*** Opening of Data extract ***
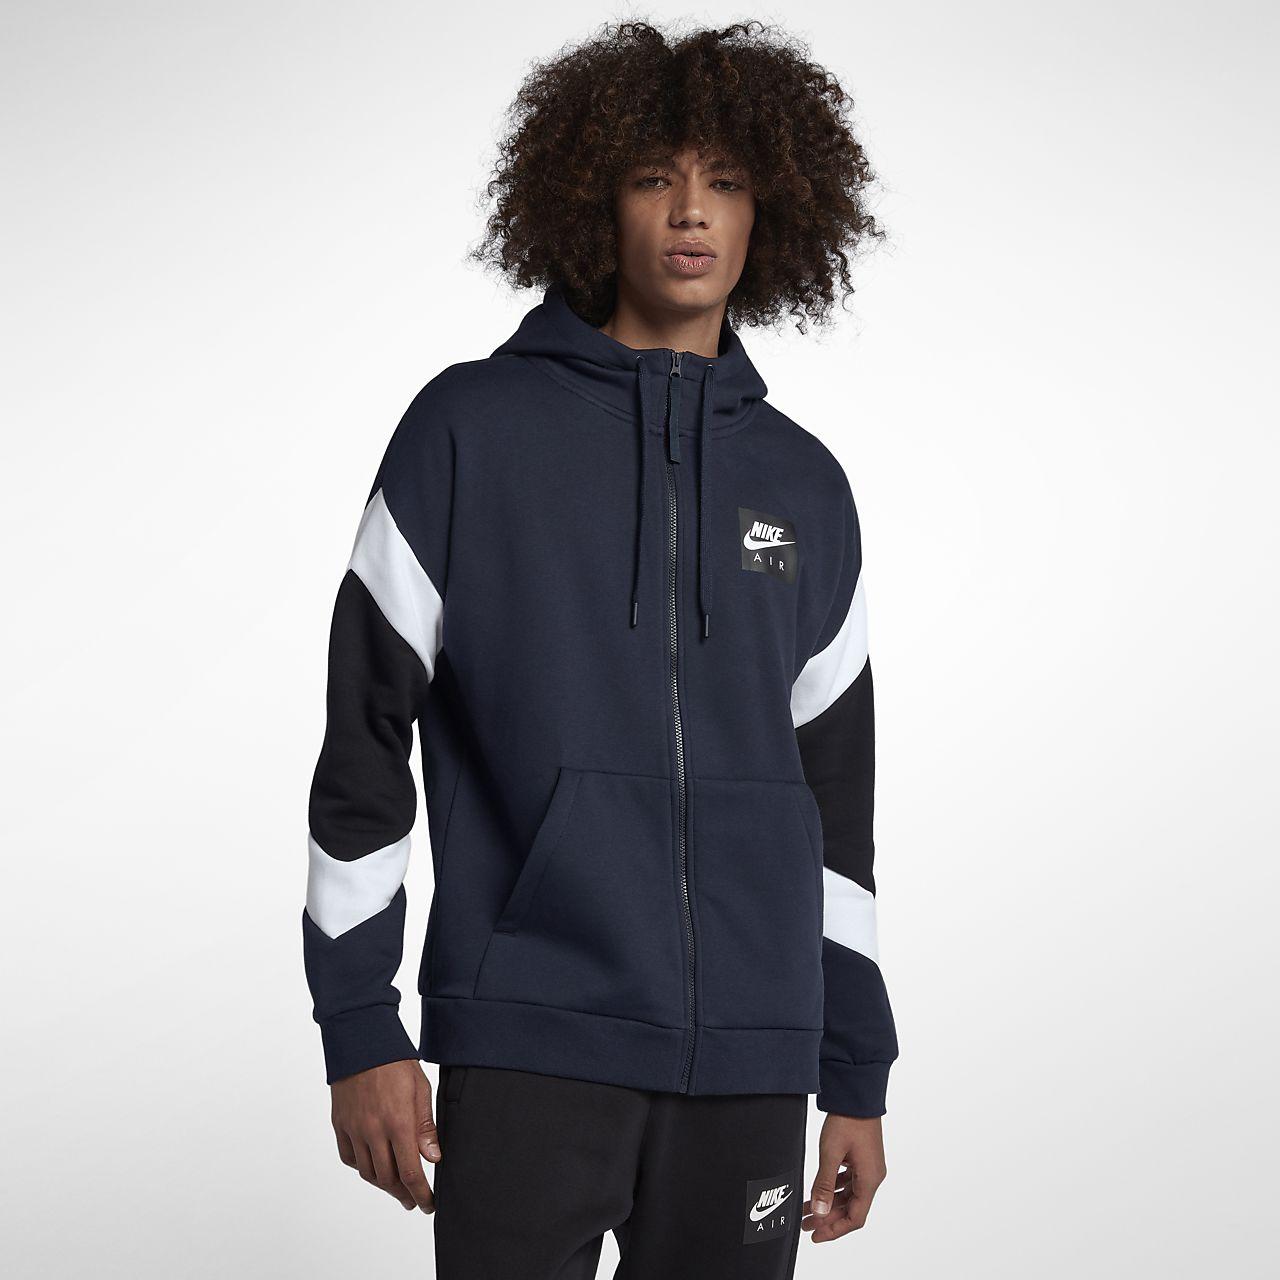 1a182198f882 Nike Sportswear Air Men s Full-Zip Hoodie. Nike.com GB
*** Close of Data extract ***
*** Opening of Data extract ***
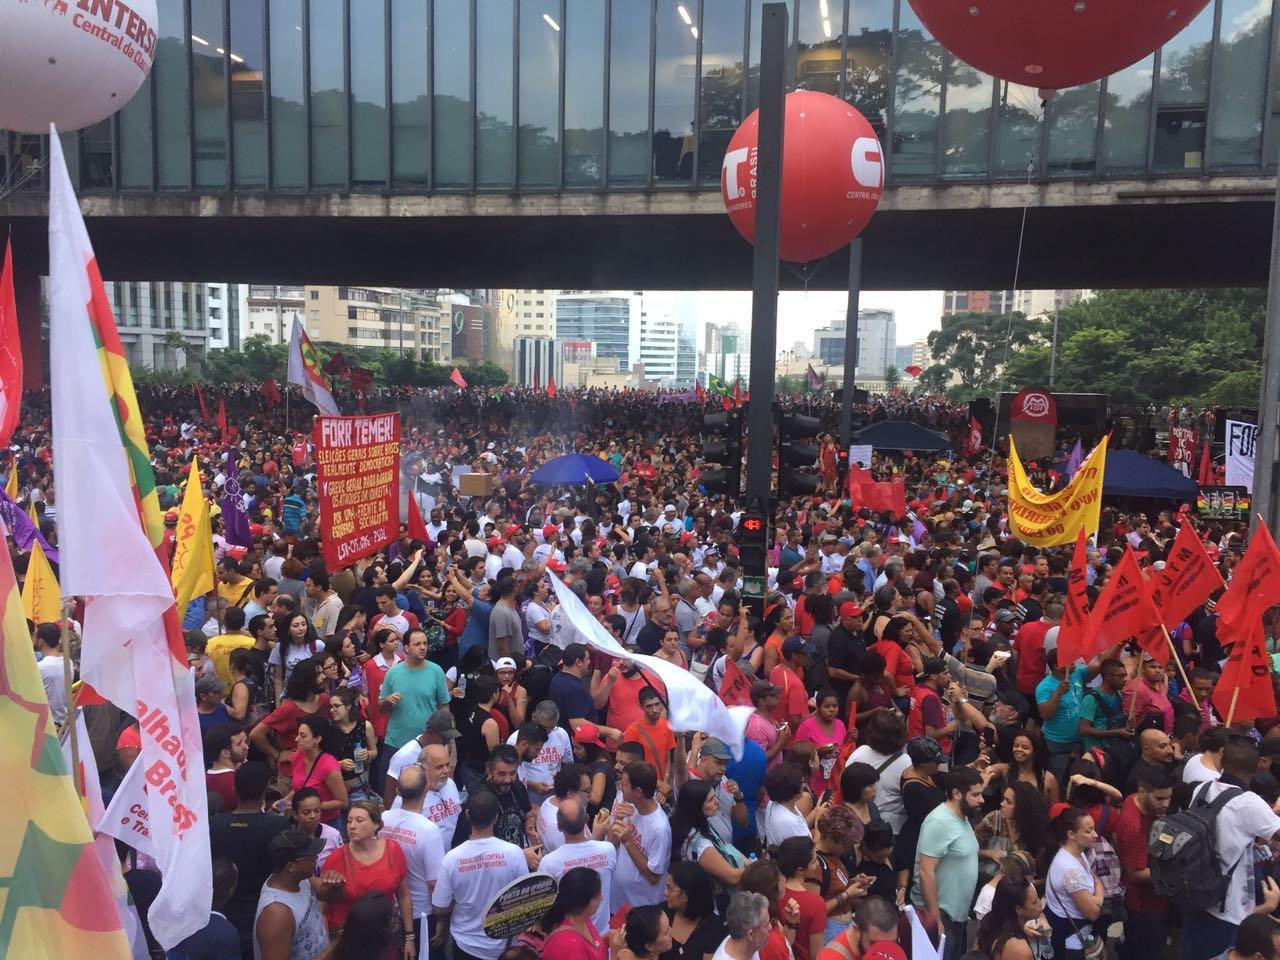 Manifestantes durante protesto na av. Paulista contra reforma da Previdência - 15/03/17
*** Close of Data extract ***
*** Opening of Data extract ***
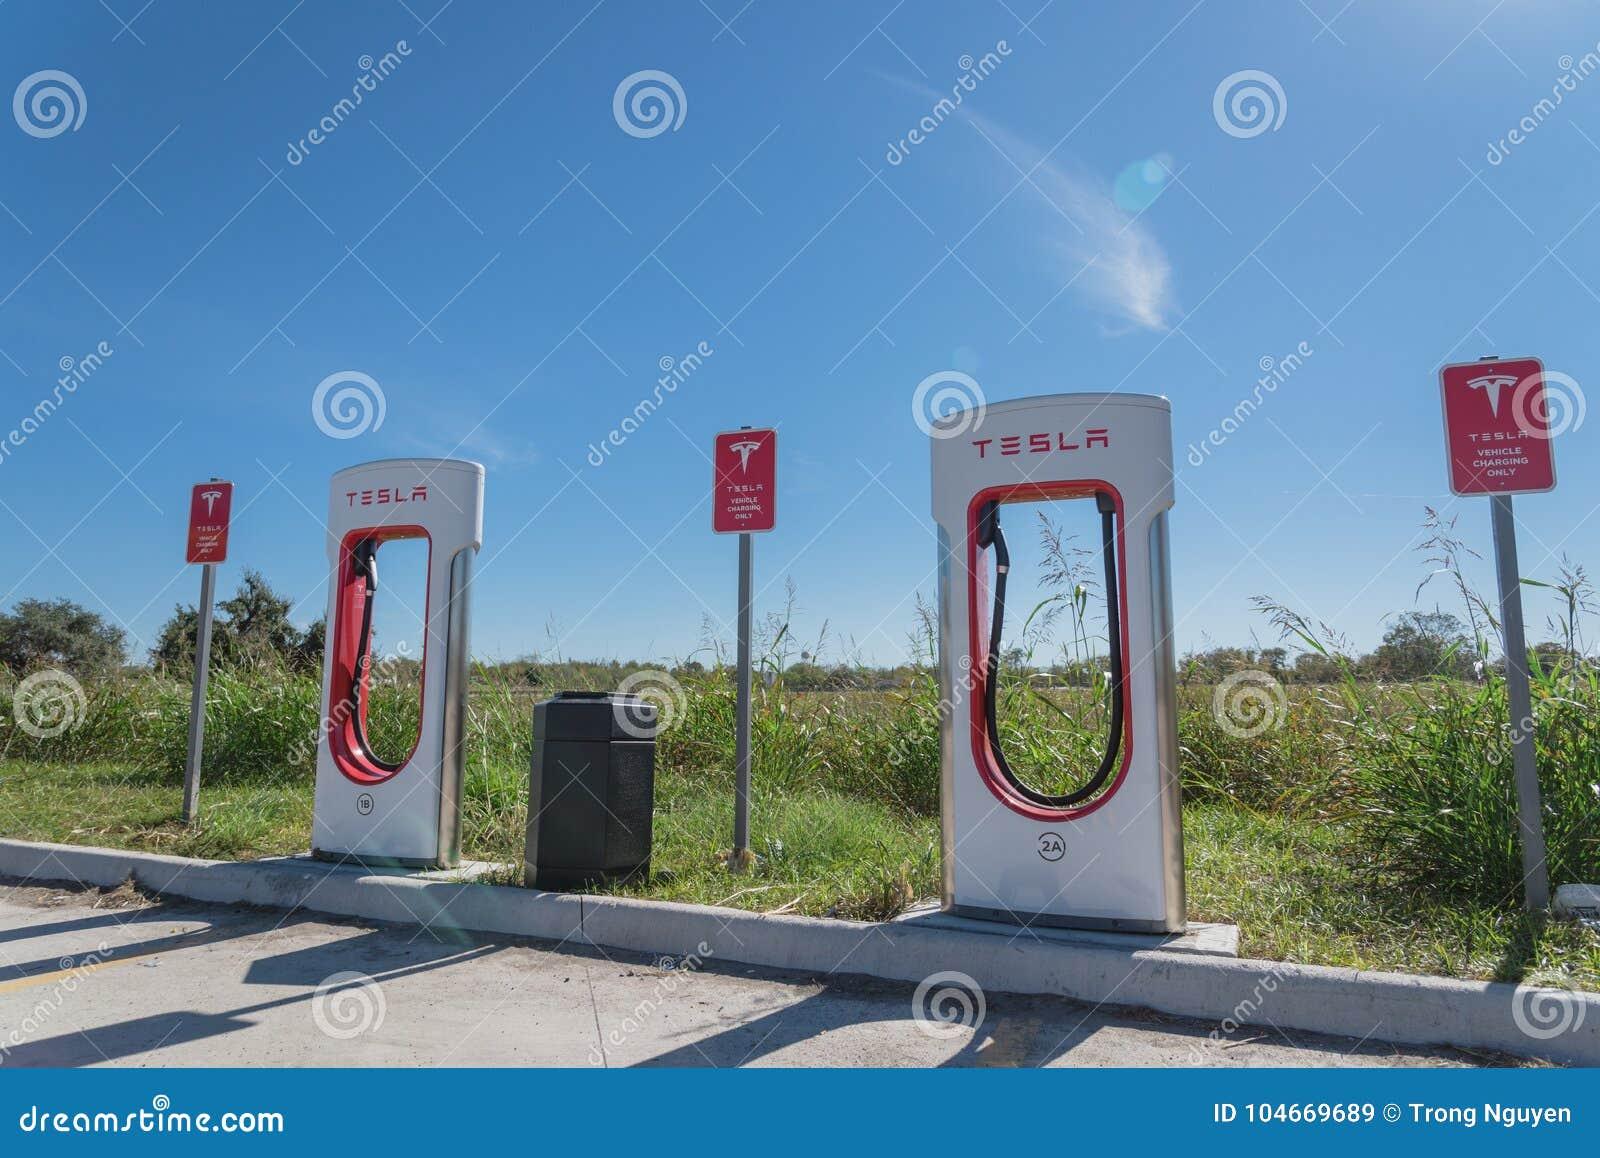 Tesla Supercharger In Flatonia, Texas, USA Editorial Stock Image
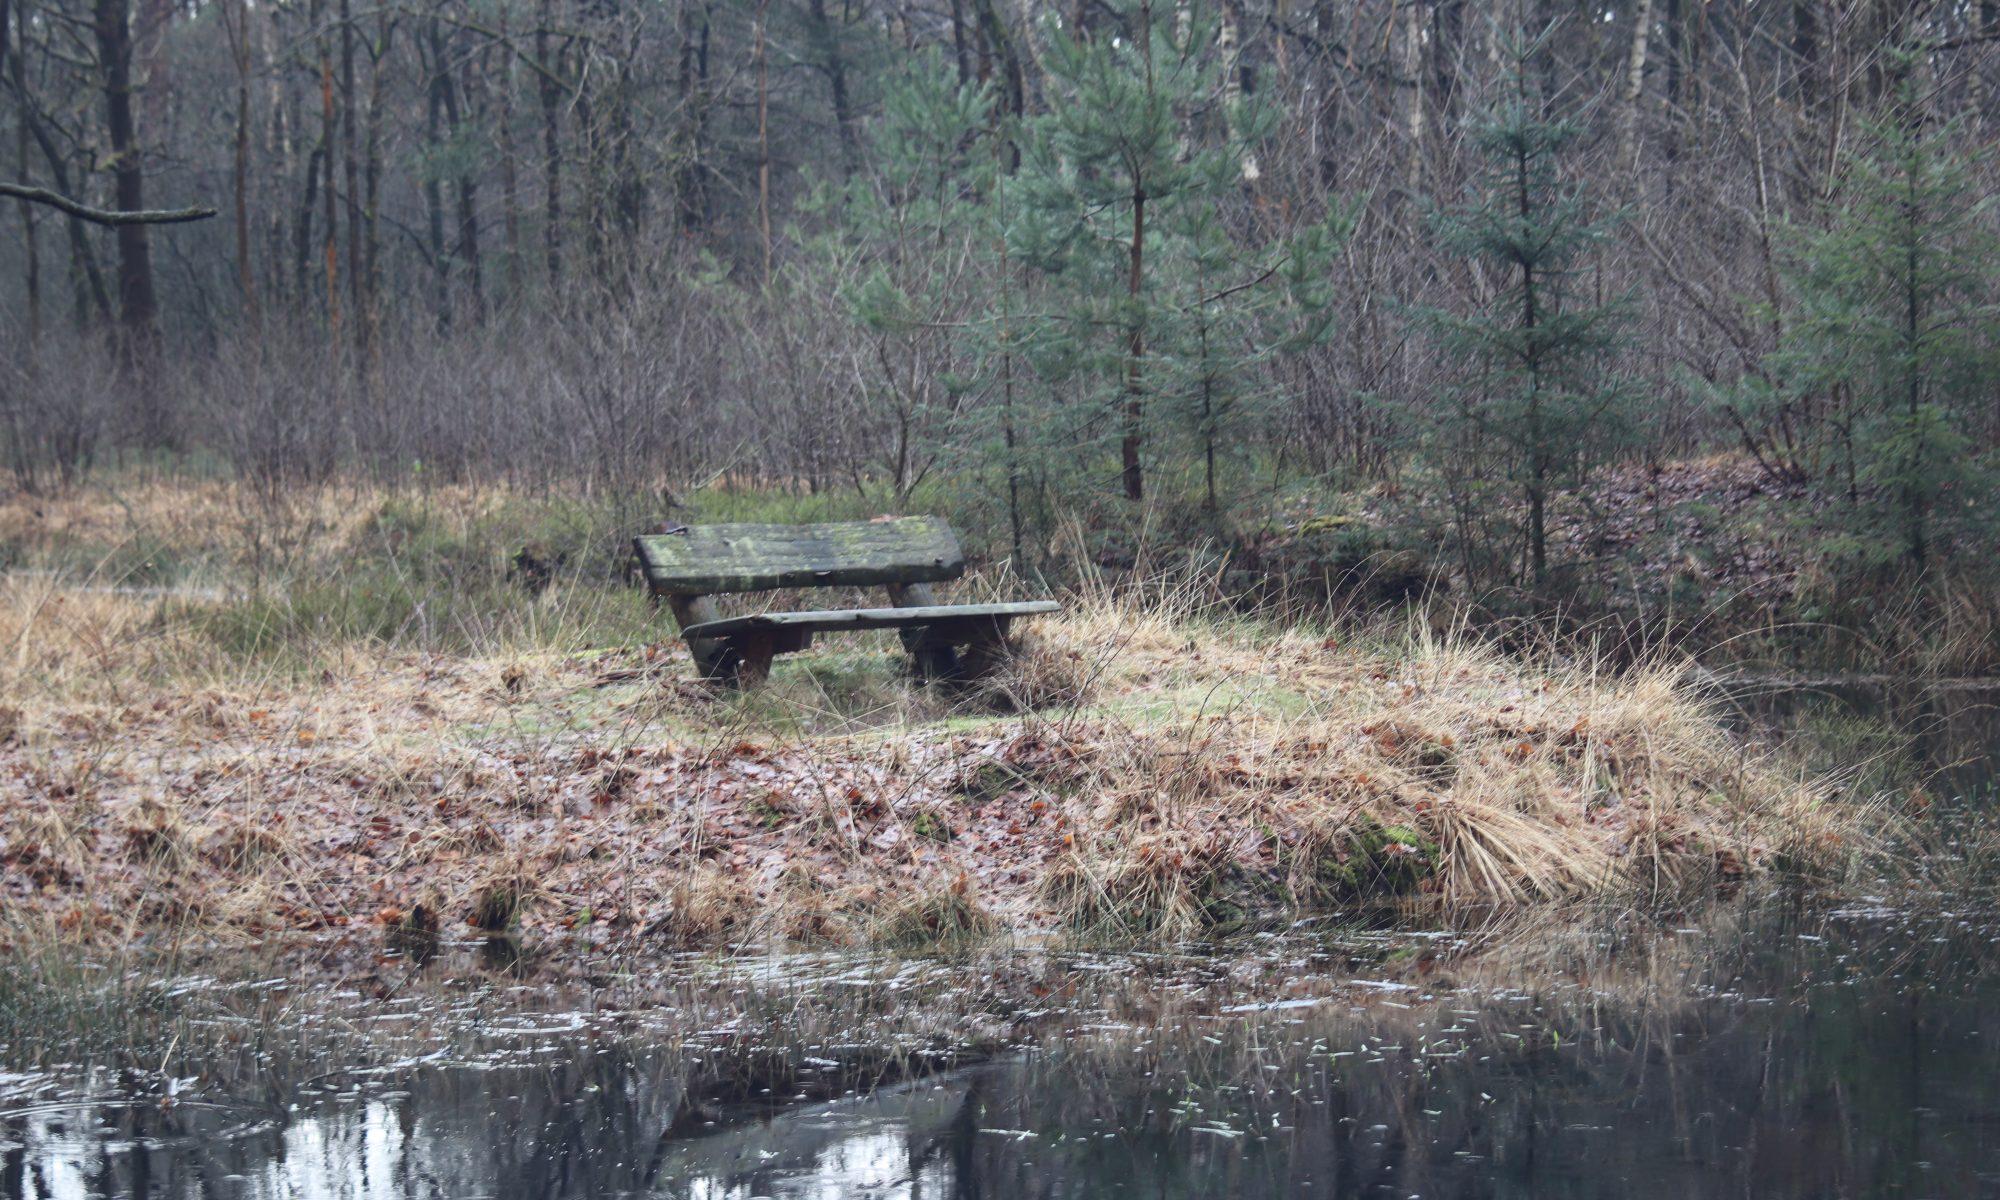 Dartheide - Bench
*** Close of Data extract ***
In the listing above, find the line containing "Tesla Supercharger In" and the line containing "Dartheide - Bench", then output those two lines and everything between them exactly as written, without the images.

 Tesla Supercharger In Flatonia, Texas, USA Editorial Stock Image
 Dartheide - Bench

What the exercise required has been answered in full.